In its detailed biography, Wikipedia says Jansch was brought up in Edinburgh, not Glasgow. As a teenager he acquired a guitar and visited a local folk club. Among those he met there was Jill Doyle, Davey Graham’s half sister, “who introduced him to the music of Big Bill Broonzy, Pete Seeger, Brownie McGhee and Woody Guthrie.”

He became a full-time musician and spent two years playing one-night stands in British folk clubs, during which he was influenced by the likes of Martin Carthy and Ian Campbell, as well as Anne Briggs, who taught him songs like Blackwaterside and Reynardine, that he would later use in his solo recording career.

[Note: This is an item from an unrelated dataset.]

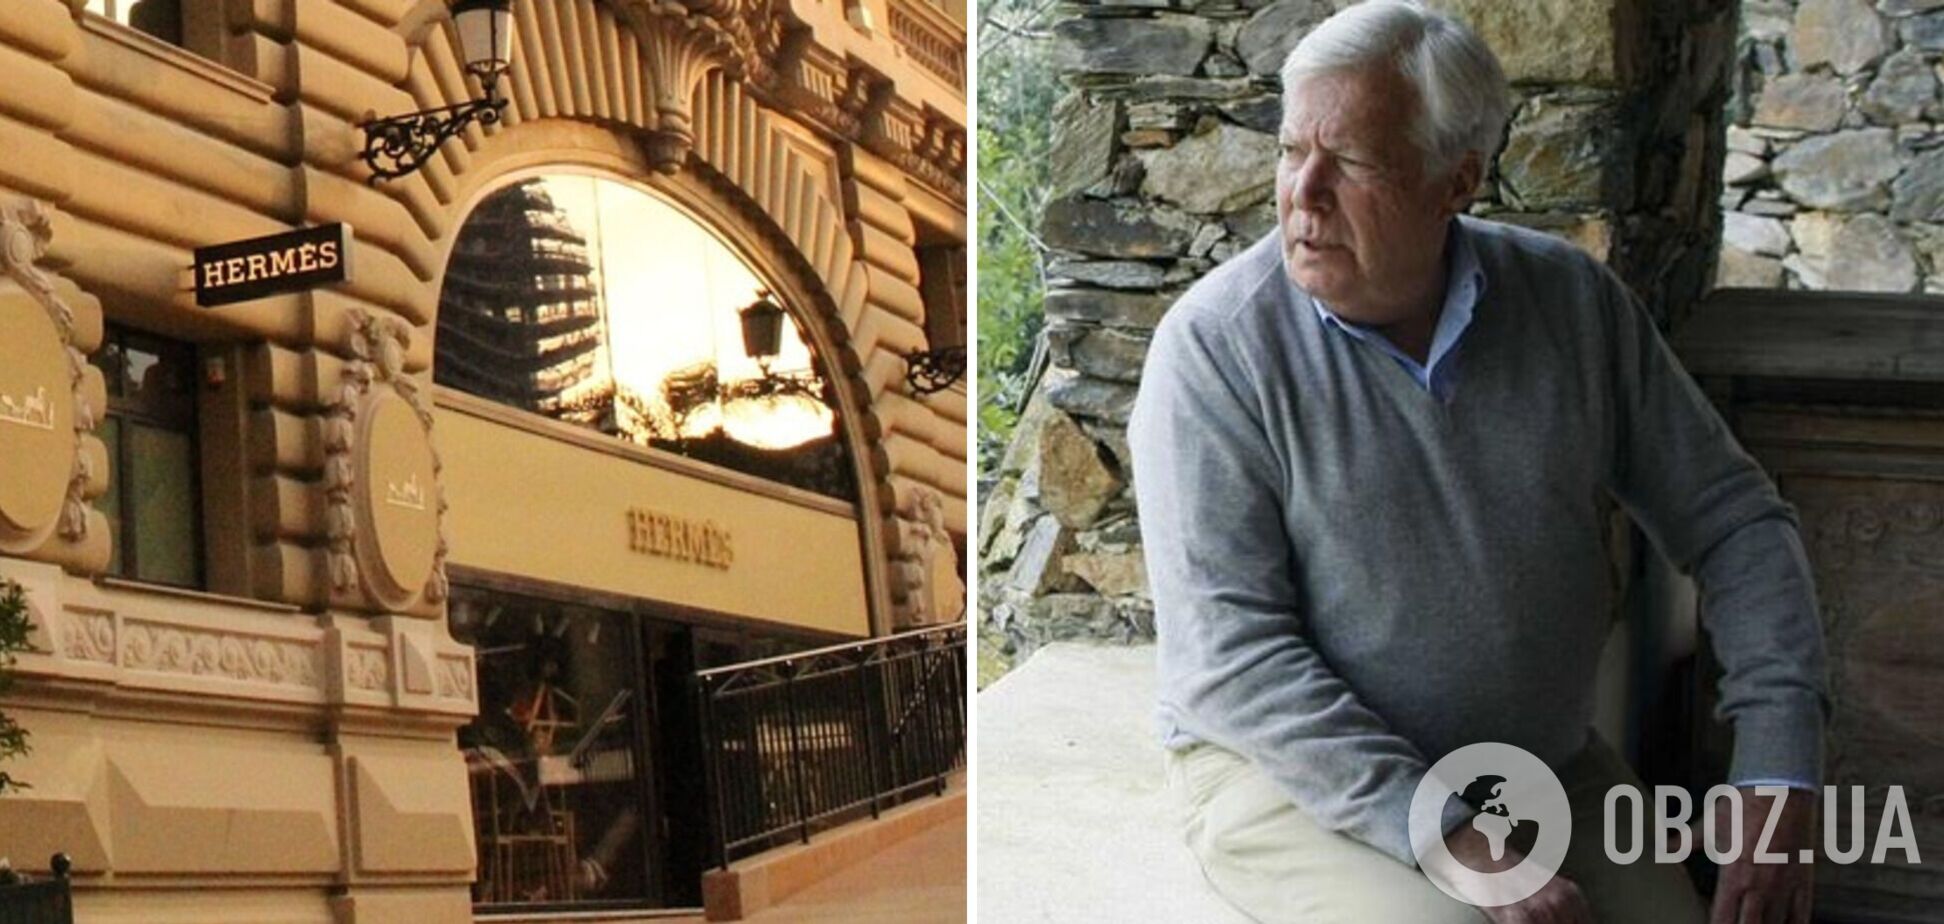 80-річний спадкоємець Hermès вирішив усиновити 51-річного садівника, щоб рідні та благодійники не отримали його мільярди
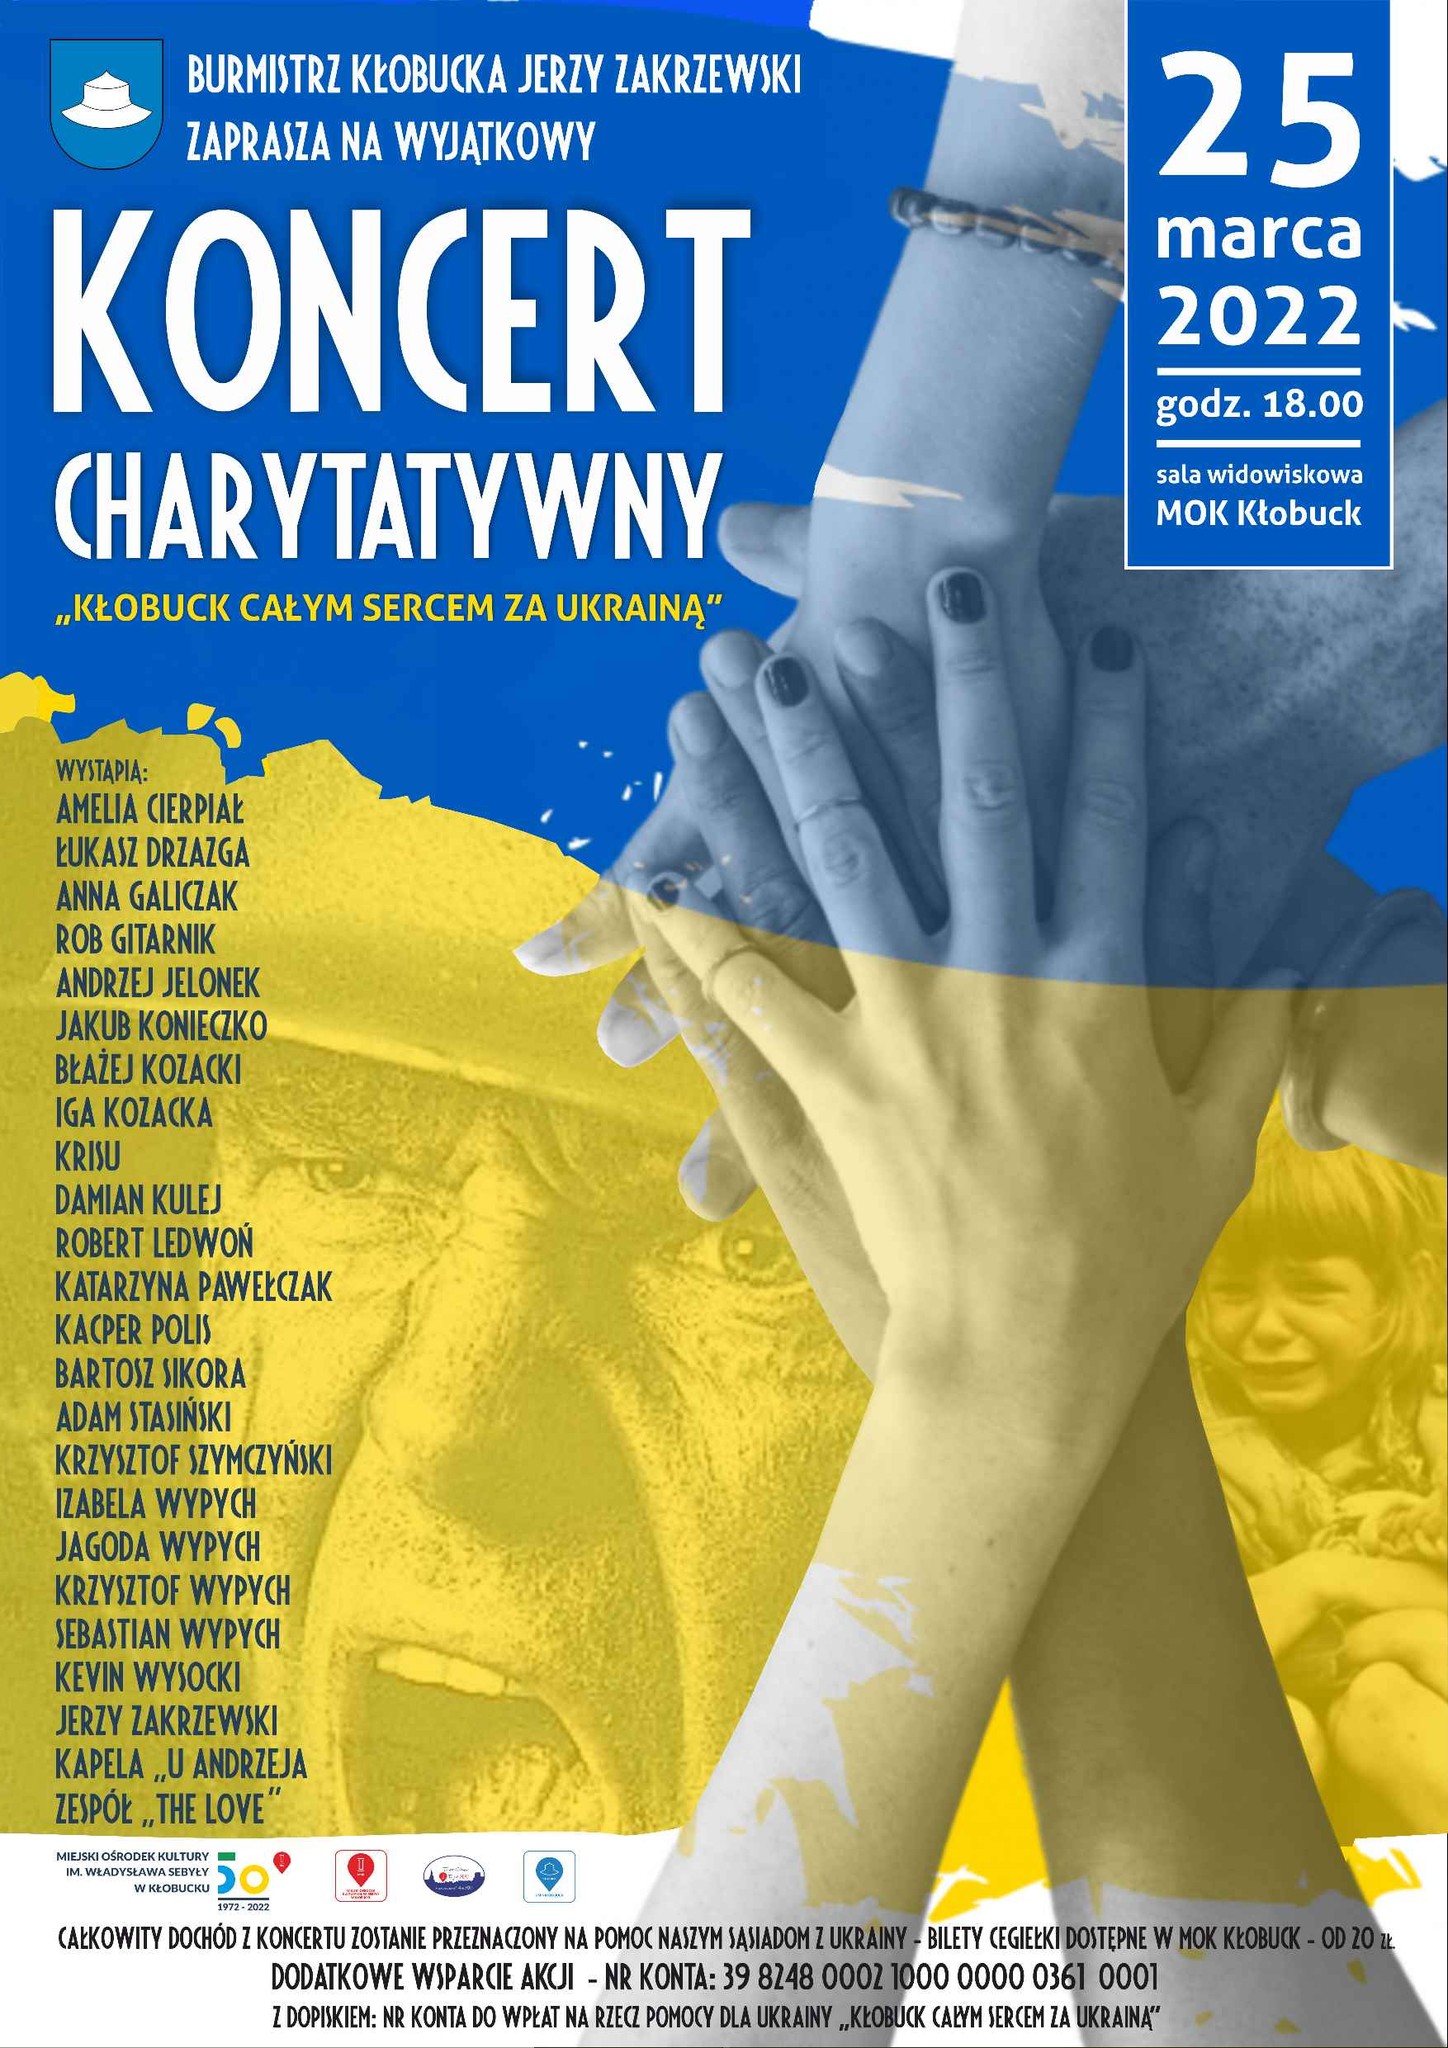 Kłobuck całym sercem z Ukrainą. Wyjątkowy koncert już 25 marca o godz. 18:00 5

This was the early 1960s, and the age of the hip troubadour was being born. Jansch hitchhiked around Europe from 1963 to 1965, surviving on what he earned as a busker and during the odd performance in bars and cafes. He had married Lynda Campbell, then just 16. This was done mainly to enable her to travel with him, as she was too young to own a passport. She split up with him after two months, and he eventually returned to the UK after catching dysentery in Tangiers.

So what does a talented musician in his early twenties do in the mid-1960s after earning his dues on the road? He cuts a record.

With Dylan and Donovan the most popular pioneers, folk music was the rage in the mid-Sixties, and Wikipedia says Jansch’s first solo album, Bert Jansch, sold 150 000 copies. How did this happy state of affairs occur? Having returned to London, Jansch met engineer and producer Bill Leader. At his home they recorded Jansch’s music on a reel tape recorder – and Leader sold the tape for ₤100 to Transatlantic Records. The album, Bert Jansch – surely the one we first got to hear – was produced directly from that reel tape. Wikipedia says the protest song, Do You Hear Me Now, was popularised by Donovan on his EP Universal Soldier. It is a song I recall well. The album also included Needle Of Death. As with Dononvan, Wikipeidia says Jansch was also sometimes seen as a “British Bob Dylan”, but it notes that Jansch’s work has “always been fundamentally instrument-driven, unlike Dylan’s which is primarily lyric-based”. My sentiments entirely.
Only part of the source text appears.